■ Your assignment
The full listing, returned exactly and free of pictures, is the expected answer.

■ Given information
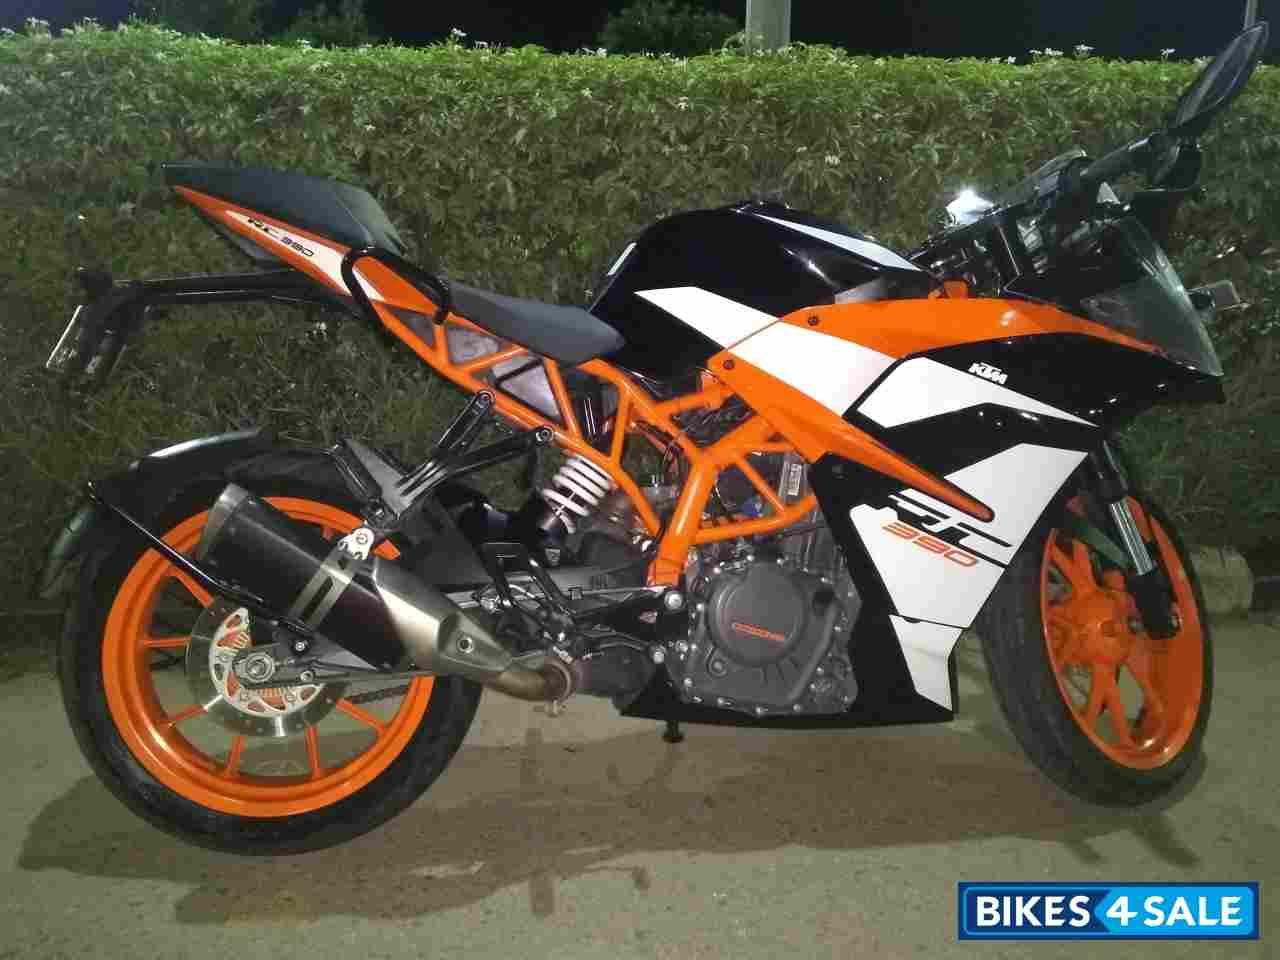 Black Orange White Ktm Rc 390 Picture 1 Bike Id 278363 Bike Located In Bangalore Bikes4sale
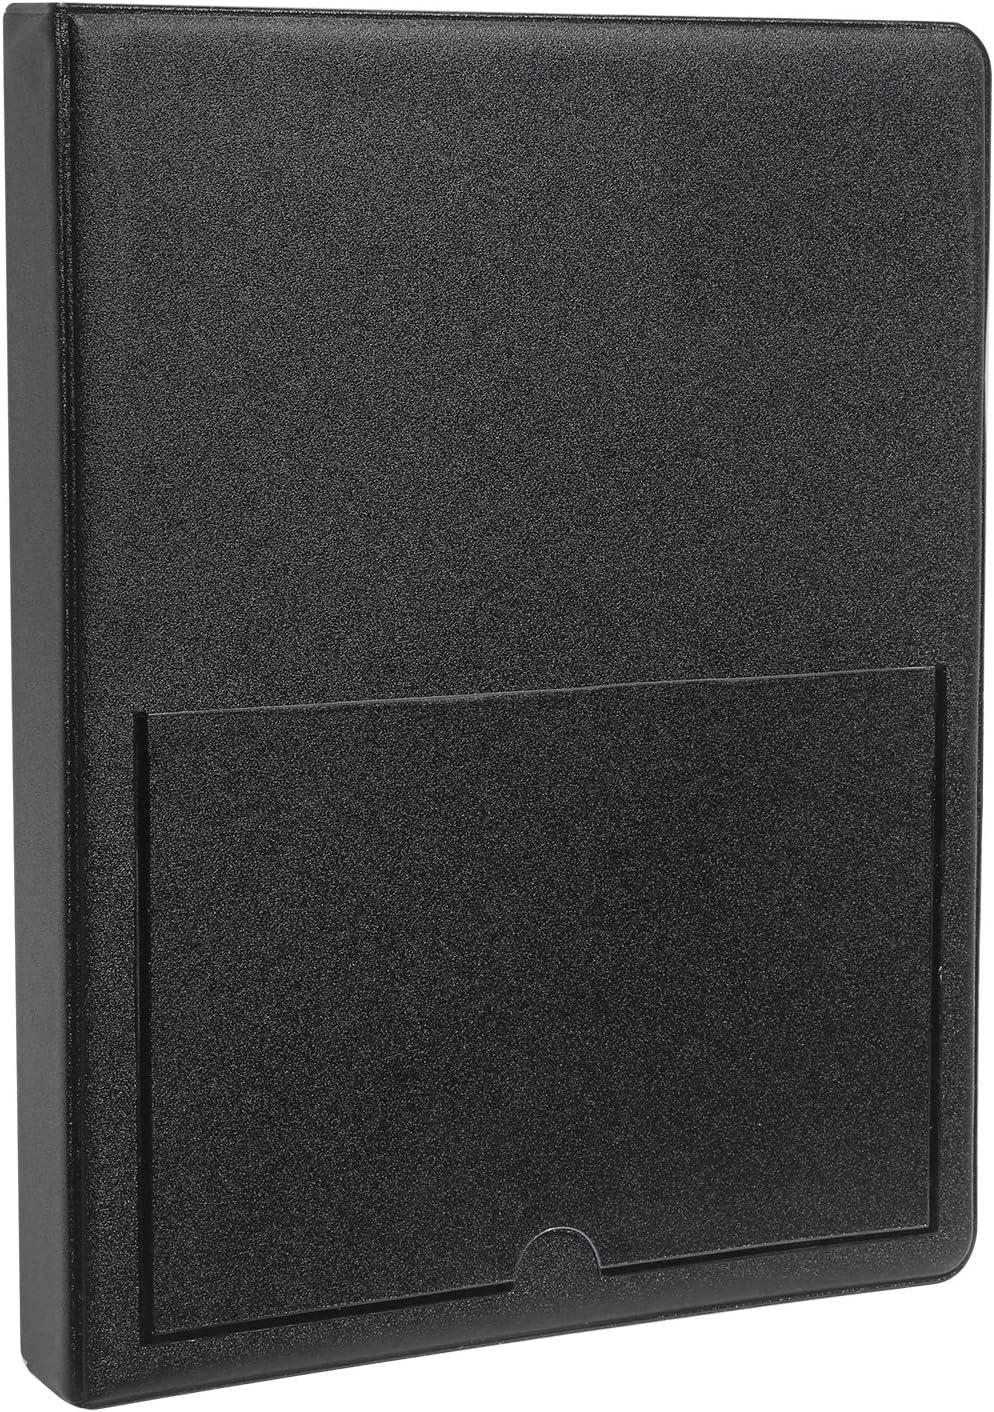 "Zink Photo Album Scrapbook   Sturdy PVC Material Holds 72 - 4x6"" Photos   Compatible with Kodak Dock and HP Sprocket Studio - Black"
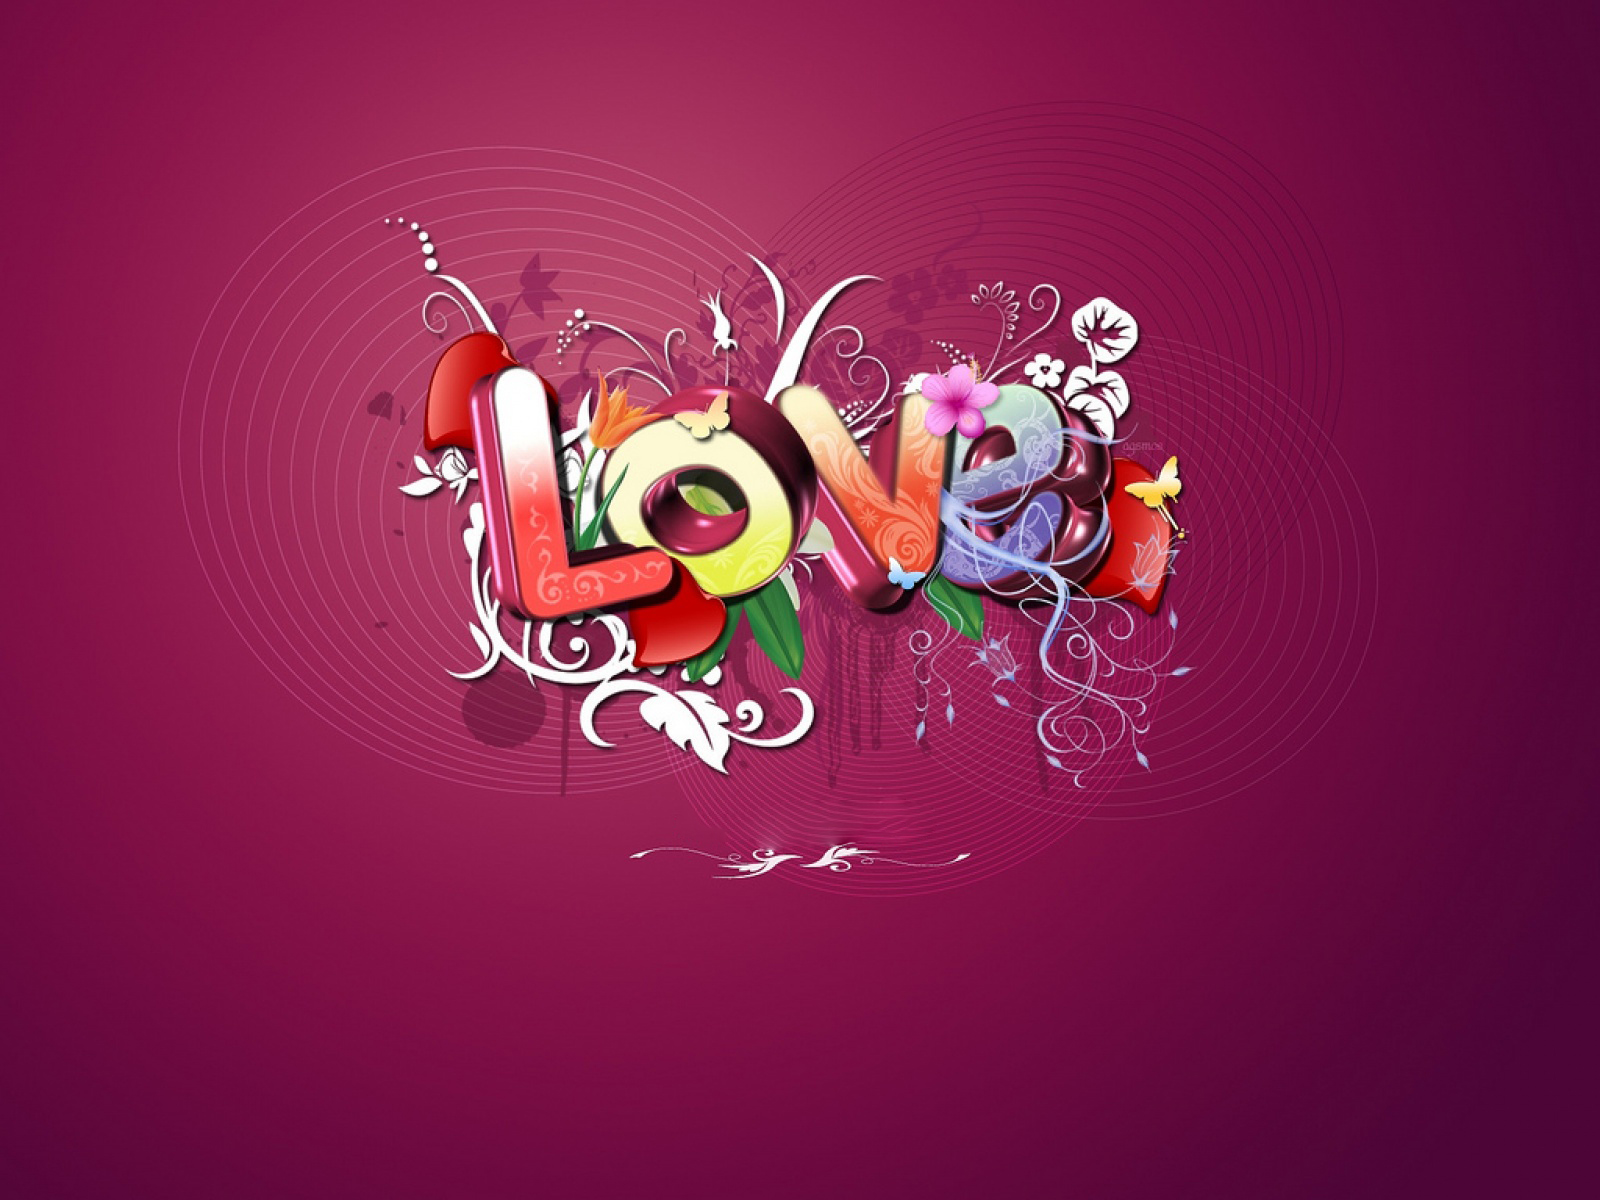 Valentines Day Wallpapers amp Desktop Backgrounds 1600x1200
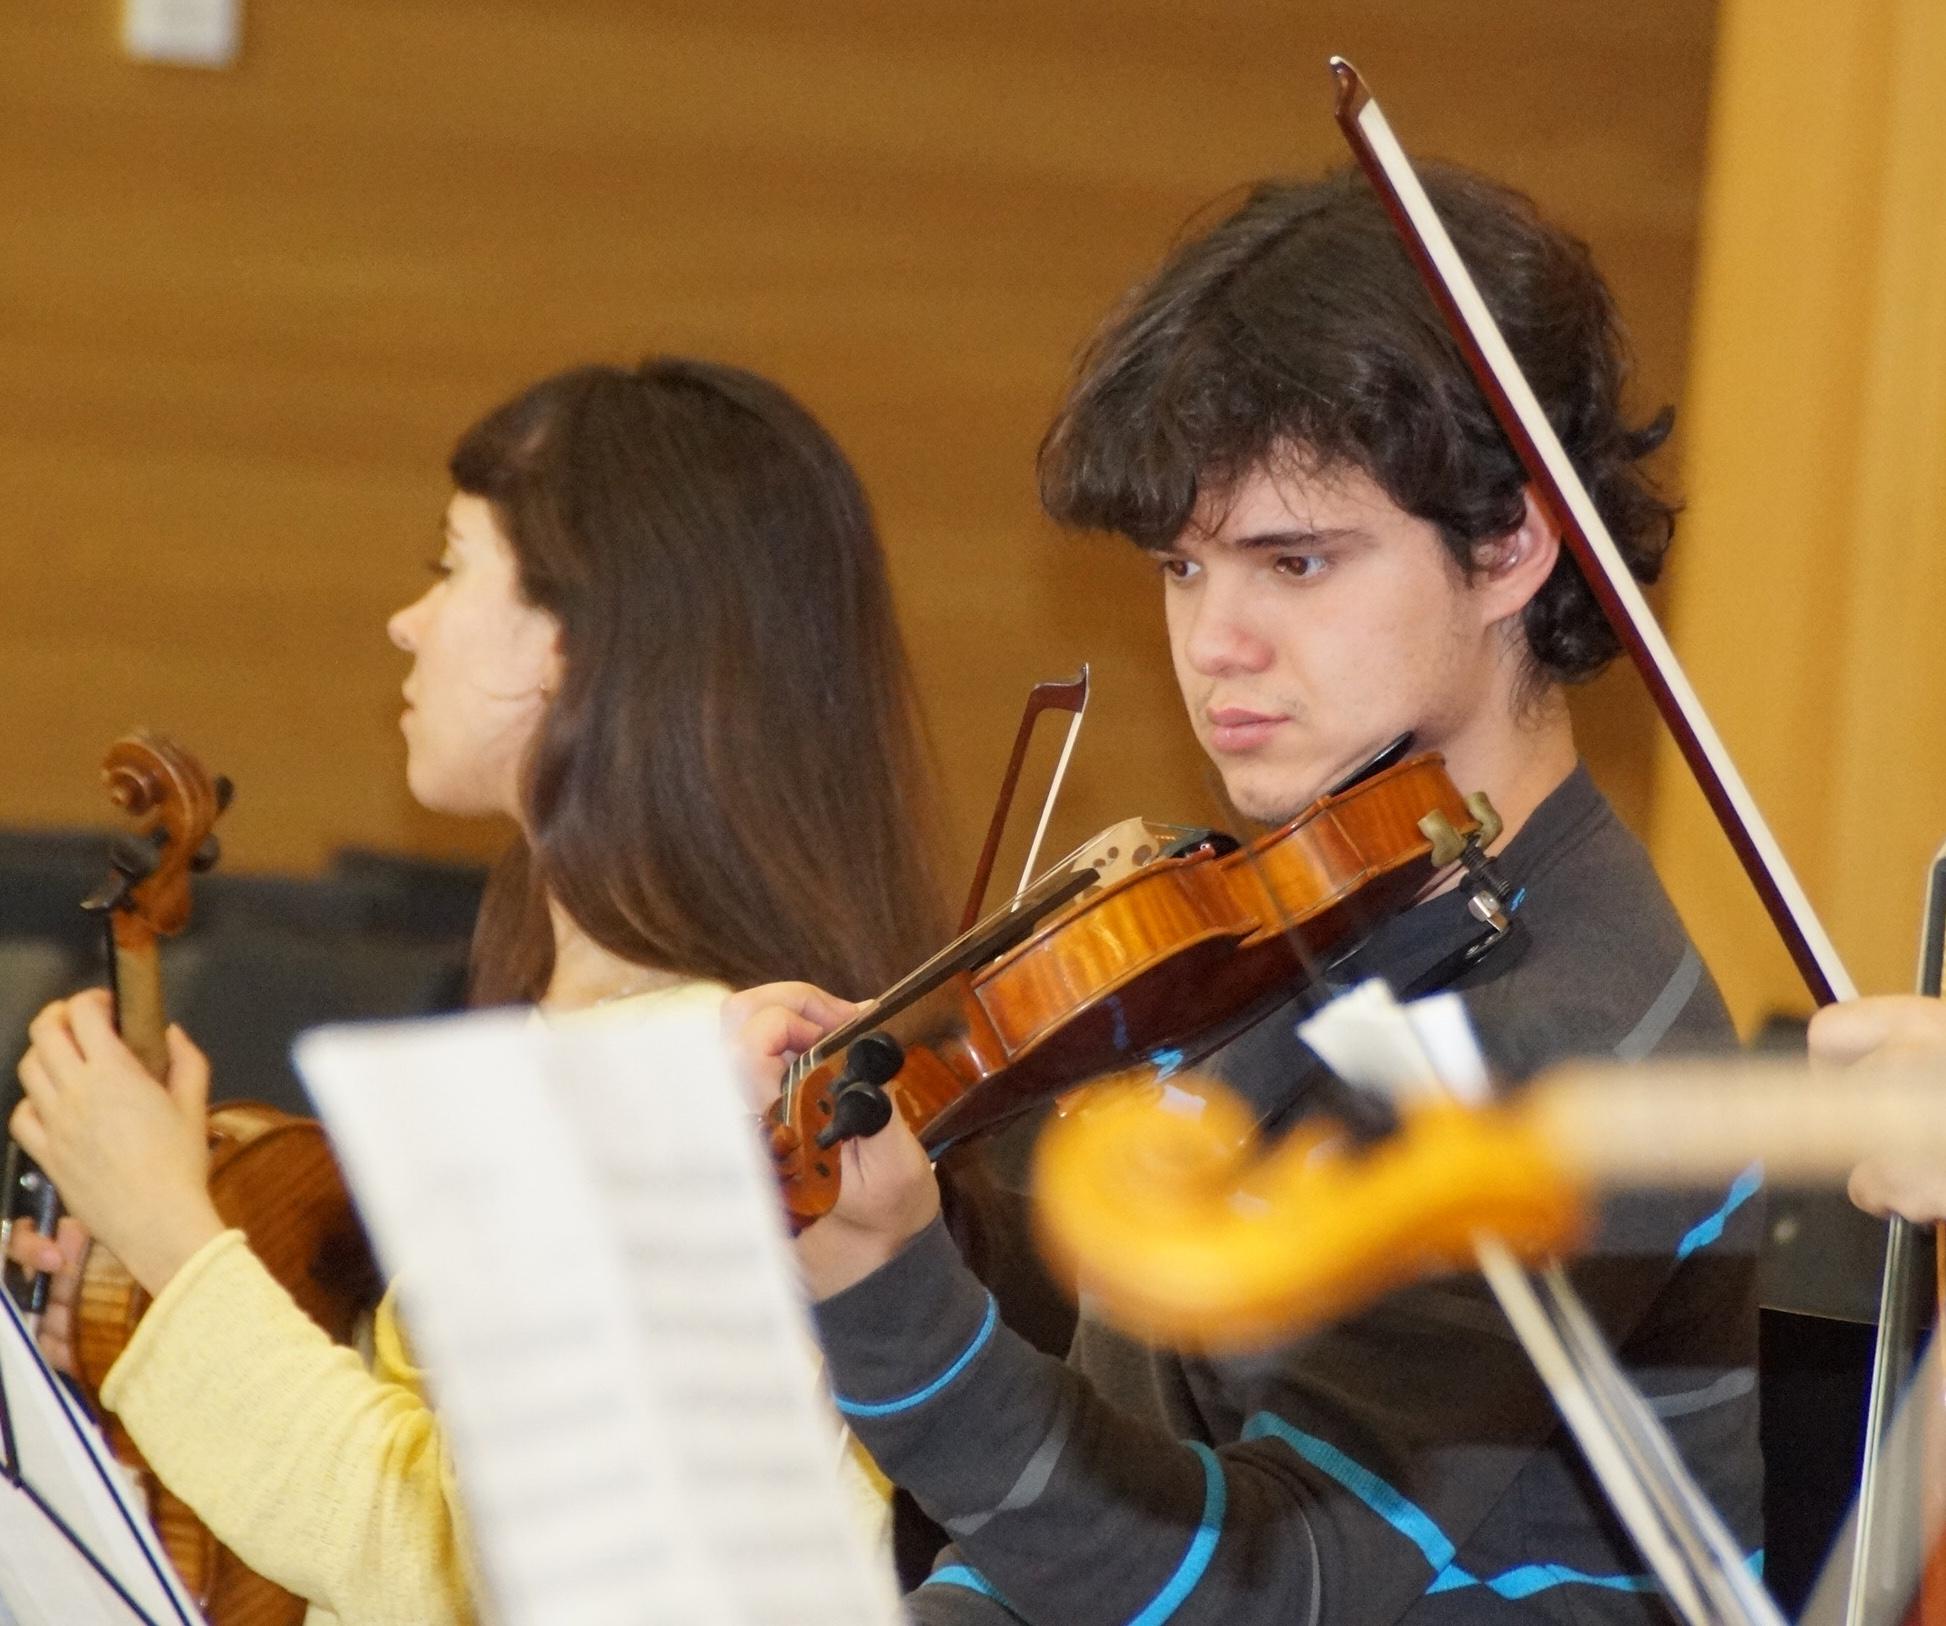 Musik verbindet, quod erat demonstrandum!

■ Expected answer
 Black Orange White Ktm Rc 390 Picture 1 Bike Id 278363 Bike Located In Bangalore Bikes4sale
 "Zink Photo Album Scrapbook   Sturdy PVC Material Holds 72 - 4x6"" Photos   Compatible with Kodak Dock and HP Sprocket Studio - Black"
 Valentines Day Wallpapers amp Desktop Backgrounds 1600x1200
 Musik verbindet, quod erat demonstrandum!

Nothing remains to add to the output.